私が初めてベトナムに行った1990年代の頃、知り合ったベトナム人に「Ông Bá-nguyên Văn-Thái-Lang(バ・グエン・バン・タイ・ラン氏)を知ってる?」 と屡々聞かれた記憶があります。当時はまだベトナム語も能くは解さず、また歴史など全然興味がなく😅、以前の記事『ベトナム史への興味のきっかけ』にも書きましたが、ぽかんとする私の反応を見て、本当に残念そうにガッカリする人々の顔を今でも鮮明に思い出せます。
この越漢語「Ông Bá-nguyên Văn-Thái-Lang」は日本語訳すると「柏-原 文-太-郎」。私は、クオン・デ候自伝の翻訳作業中にこのお名前を発見した時に、「ああ、あの頃聞かれた名前はこれだ。。」と合点が行き、同時に当時(1990年頃)のベトナムでは、民間人の間で非常に有名且つ尊敬を集めていた日本人の一人だったのかと改めて認識したのです。
柏原文太郎氏は、ベトナム抗仏史関連書には必ずと言っていいほど登場します。
「明治2年千葉県成田町に生まれ、同人社、東京専門学校卒業後、育英事業に従い、東亜商業学校、清華学校、東亜同文書院、目白中学校を設立、衆議院議員にも4度当選し、昭和11年に没した教育家であるが、彼のベトナム留学生に対する愛情は非常なものであった。」
長岡・川本編『ベトナム亡国史 他 解説」より
「…千葉県香取町の富豪の長男。東京専門学校(早稲田大学)を出て、当時は東京同文書院の副院長、東亜商業学校の校長だった。この人が潘佩珠と相談しながらベトナム留学生を各学校に振り分け、留学生のために奔走して、旅費や学費を集め、当局の取り調べには適当に応対した。」
後藤均平著『日本のなかのベトナム』より
日本側の勧めに応じて、1906年にクオン・デ候と数名の学生が来日すると、潘佩珠(ファン・ボイ・チャウ)は犬養毅に一書を送り入学先の斡旋を依頼しました。
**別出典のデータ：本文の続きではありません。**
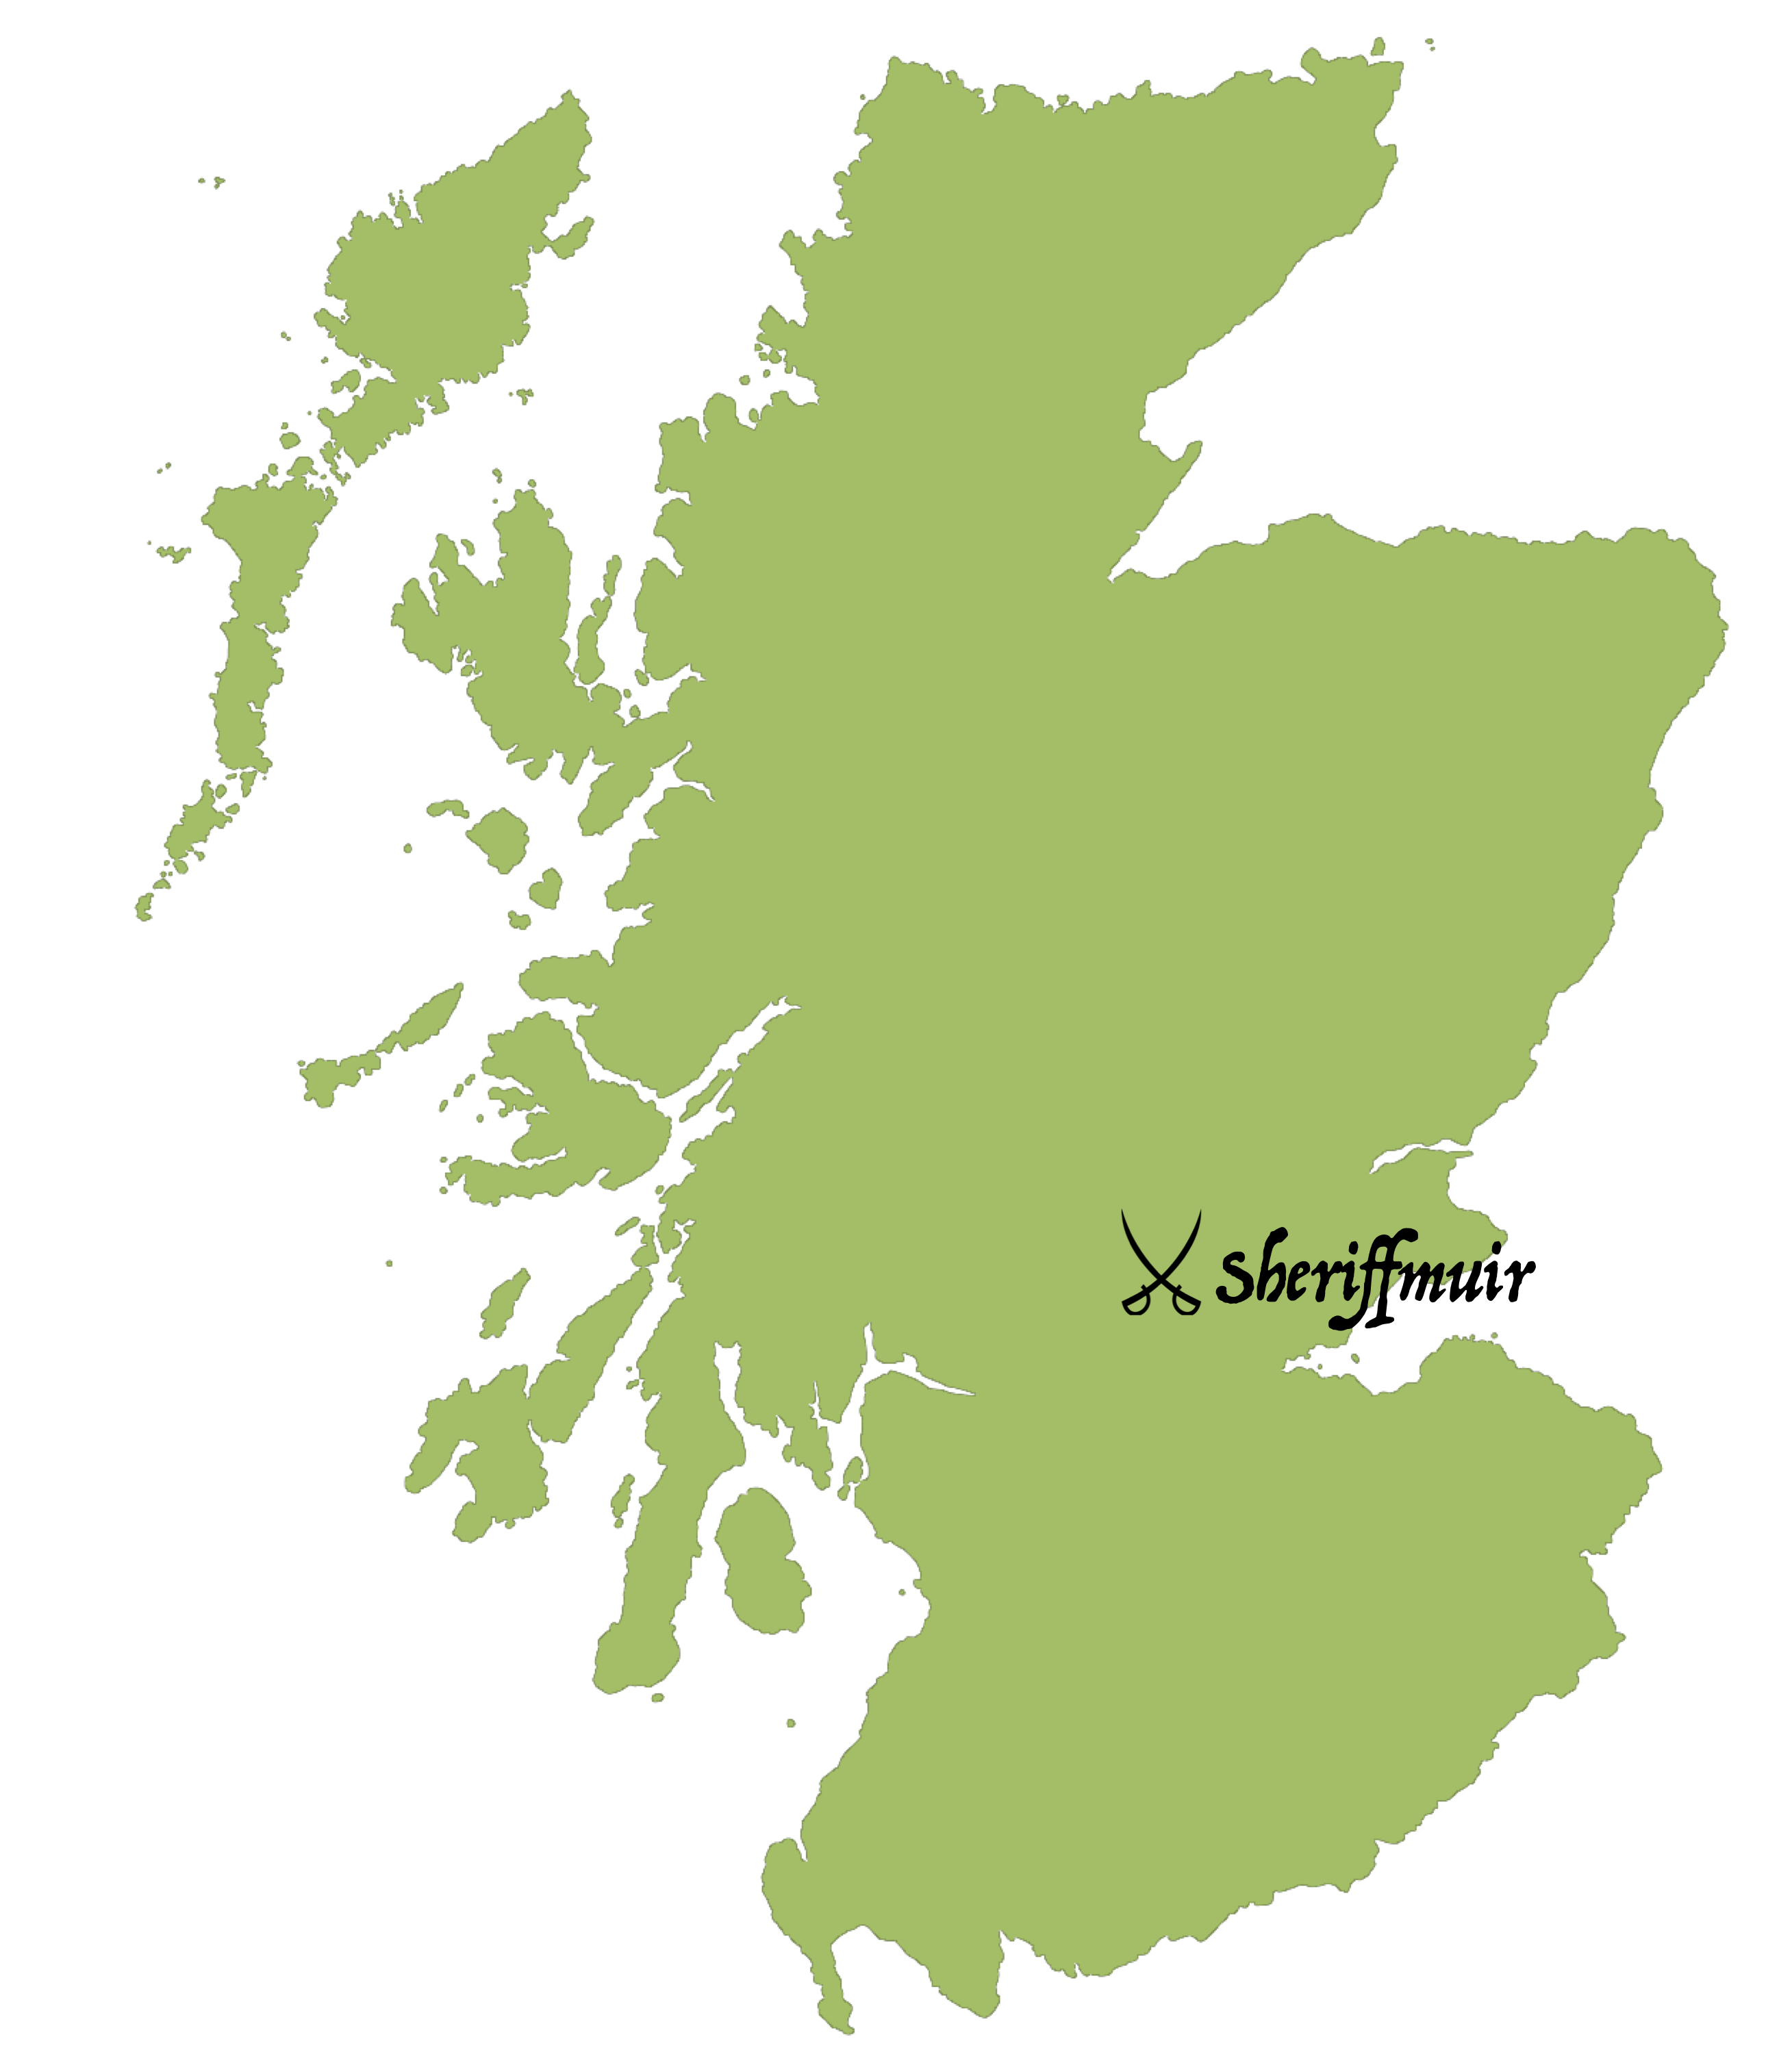 Location of Sheriffmuir battlefield on a map of Scotland.
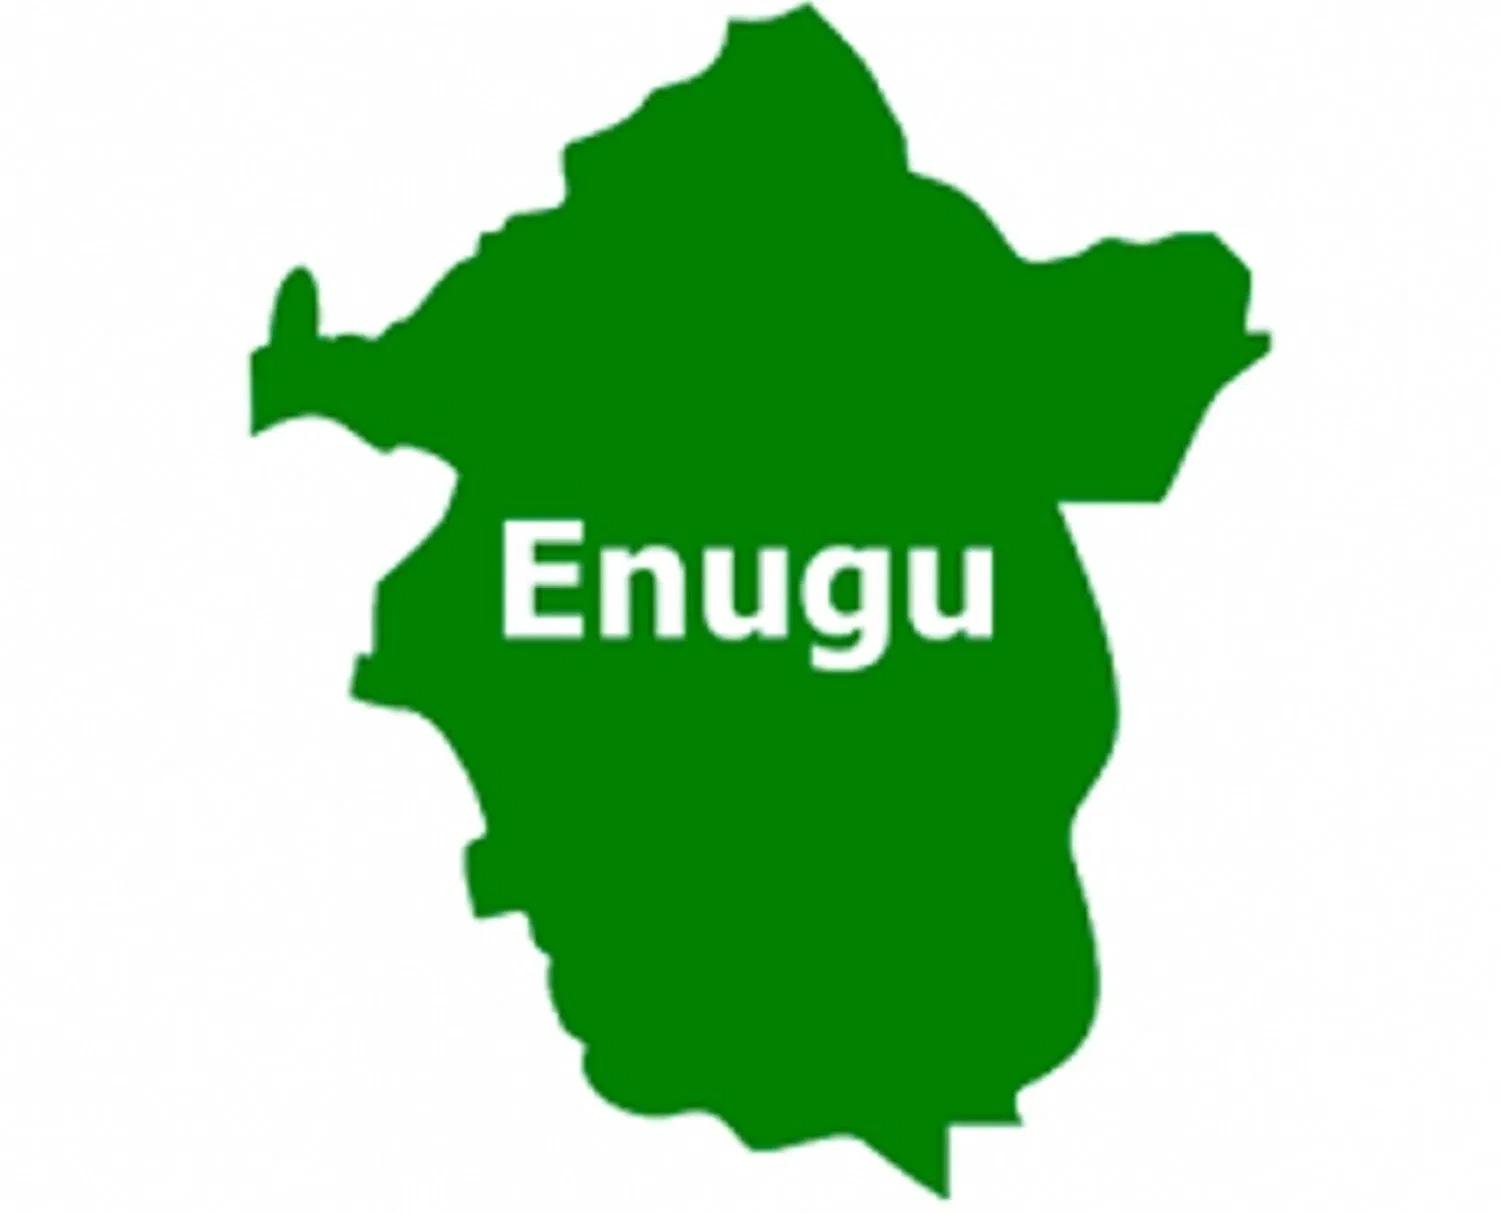 Natives collaborate with herders in kidnappings in Enugu communities  —Victims - Vanguard News

「…その後は犬養の代理、柏原文太郎代議士が関係者の間を奔走、斡旋してくれたので、ベトナム人留学生の入学問題はわずか10日余りで無事解決、潘を初めとしてこの日の来るのを待ちわびていた少年達をいたく喜ばせた。」 内海三八郎著『潘佩珠伝』より
けれど、喜びもつかの間、フランスの猛烈な妨害作戦が開始されました。国許からの送金が絶たれたベトナム留学生は一気に困窮し、ベトナム国内では中部地方で『抗租税事件』、北部地方で『投毒事件(=ハノイフランス軍営の食事に毒が混入した事件)』が連続で発生しました。フランスは、これら事件の首謀者を『在外ベトナム人の独立運動によるもの』と決めつけて、『日仏条約』を楯に在日本ベトナム留学生の取り締まりを要求したのです。その結果、日本は1908年10月頃、東亜同文会に対し『ベトナム人留学生の解散命令』を出しました。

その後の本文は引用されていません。